The next day Eve woke up, somehow, in her own rooms. She did not recall any of last night, not even what happened in André’s rooms. She had a most severe hangover, and almost fainted when William walked into her rooms early that morning. Her knees were wobbly beneath her, and William ran to hold her up.

“What…what are doing here?” she stammered after she was stable again.

“I was only a little more than halfway to Kerry’s fief when I caught up with a messenger on his way to find me at the palace. Kerry had already killed herself. I rode solemnly back to here, and arrived only a few minutes ago,” William explained.

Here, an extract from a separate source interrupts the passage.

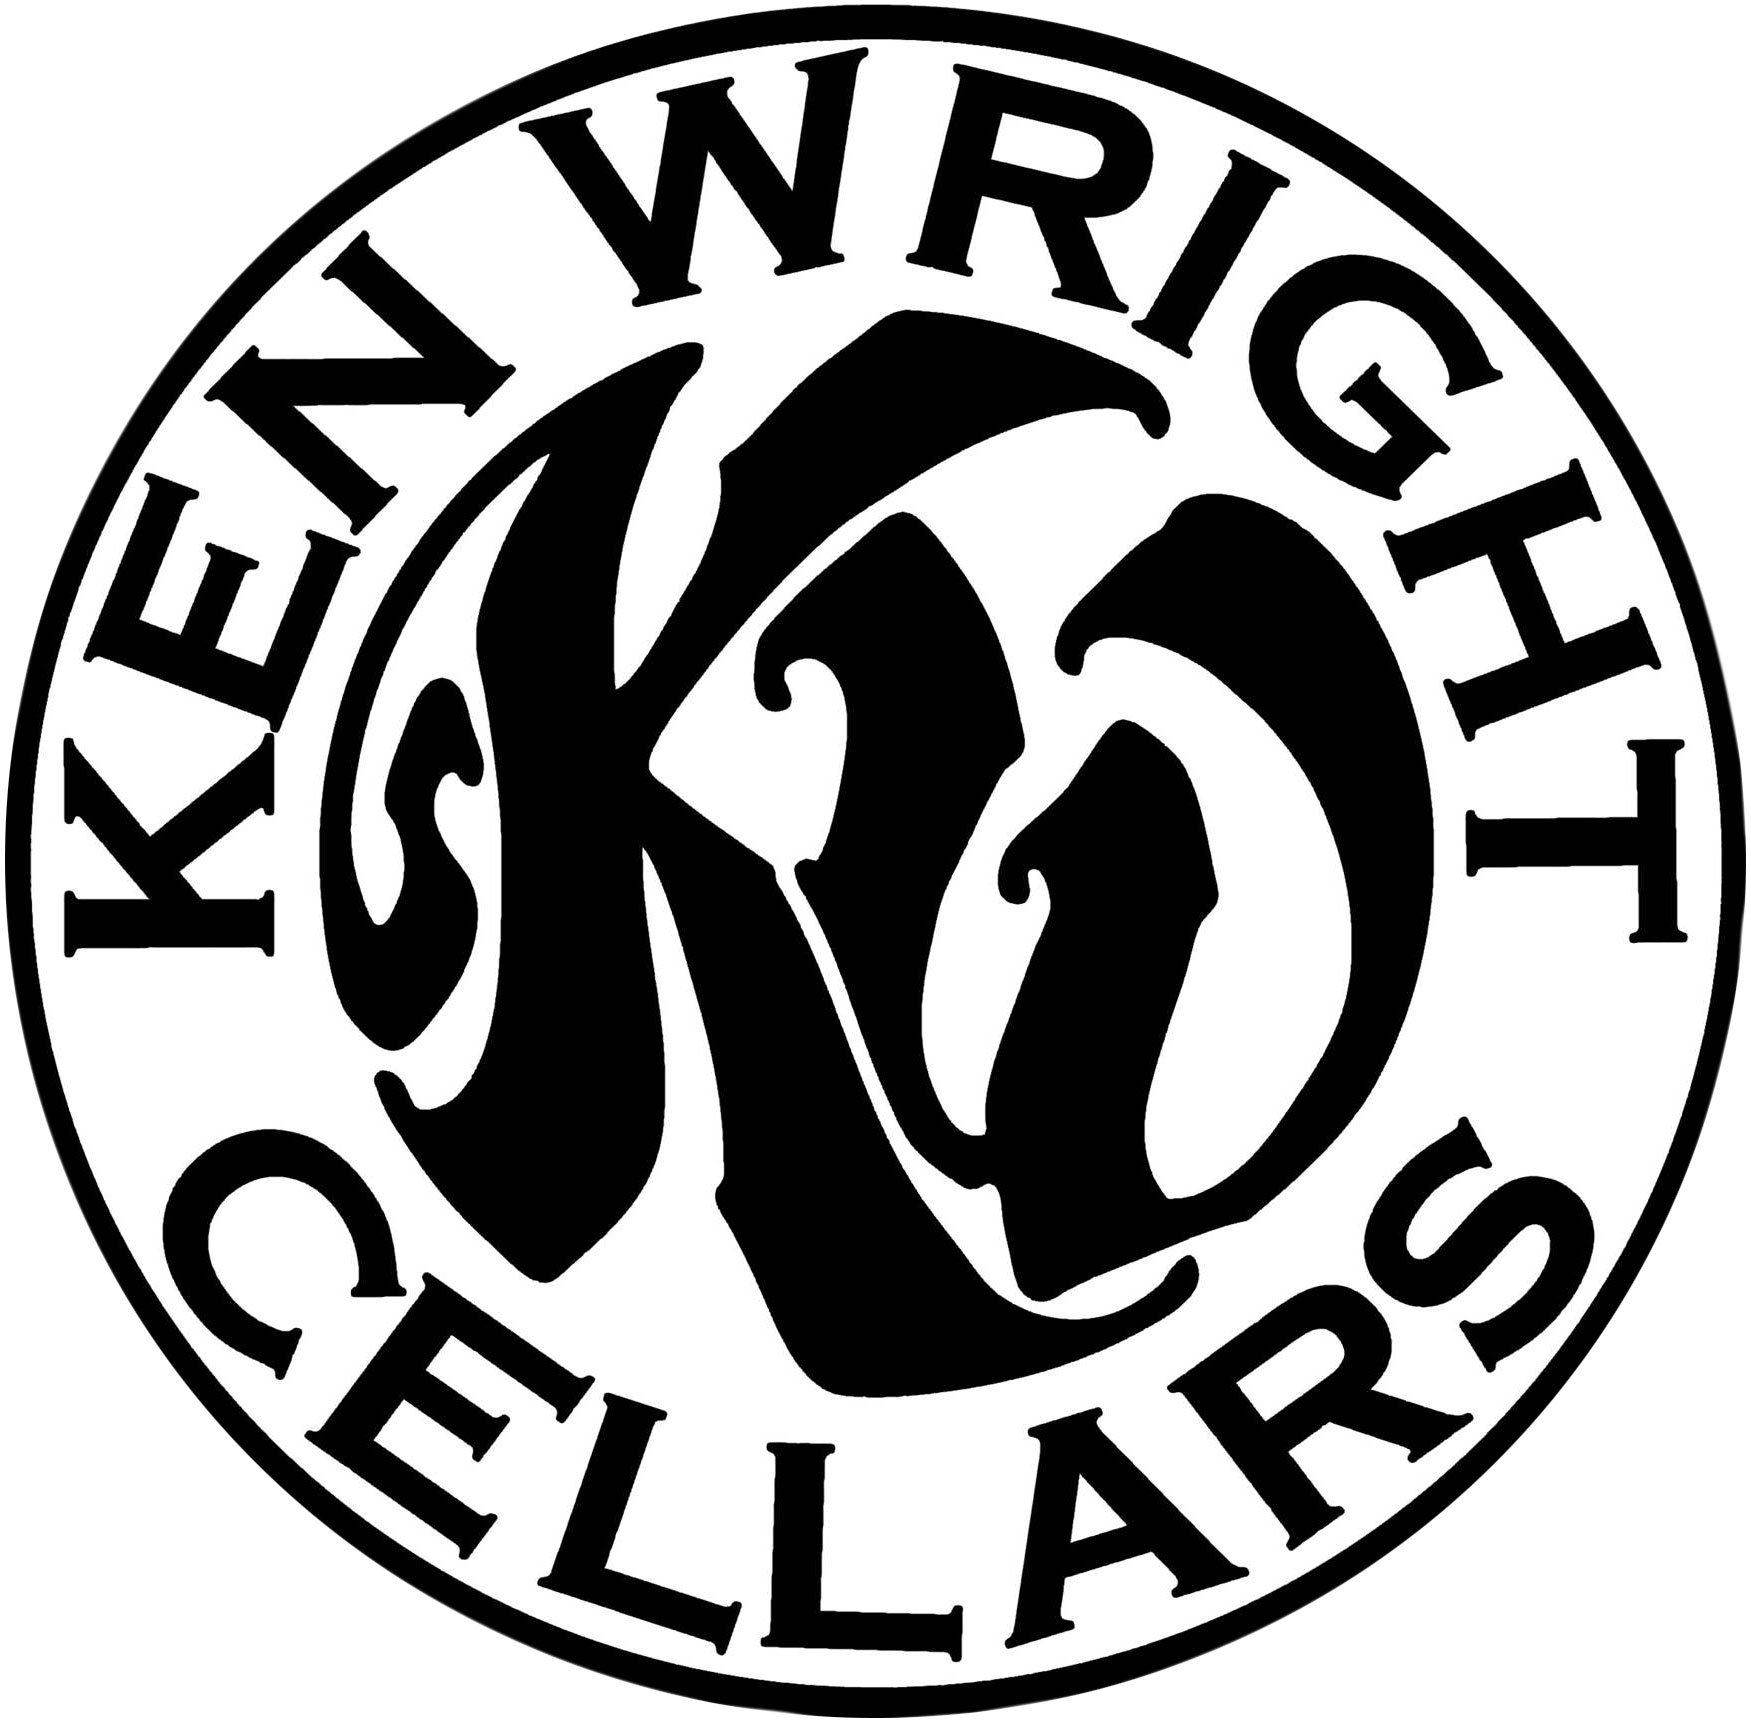 KWC-2012-logo-cropped.jpg

Eve couldn’t believe it, and her bewilderment got the best of her. She collapsed, unconscious, onto her bed. Eve slept all day, and into the night, awaking still quite dazed—William was nowhere in sight.

Eve got up and walked slowly to Williams’s rooms.

¤¤¤

André hid in the shadows, in the corner of the deserted corridor, behind a pillar. He watched William walk to his door, and crept silently behind him. André pulled out a dagger and stabbed William in the back with it. Three times the blade cut though Williams torn flesh, and he let William fall to the floor. André looked around the hall and caught a glimpse of a person running towards him down the corridor. André fled.

¤¤¤

Eve stood like stone in the nearly abandoned corridor, facing the horrific scene in front of her. Eve had good vision, and knew immediately that it was André creeping out of the shadows and coming up behind William with a knife drawn. She watched him stab her lover in cold-blood and rushed up to William after she had regained control of her legs. André ran off down the hall. Eve fell to the floor beside William, and held his head in her lap. William had scarcely any life left in his body, but looked up at her with helpless eyes, and muttered one last sentence. “I love only you,” he whispered. And his breath was gone; he looked up at her with pleading, lifeless eyes.

Eve sat there looking down at his angelic face. Her screams for help echoed through the halls.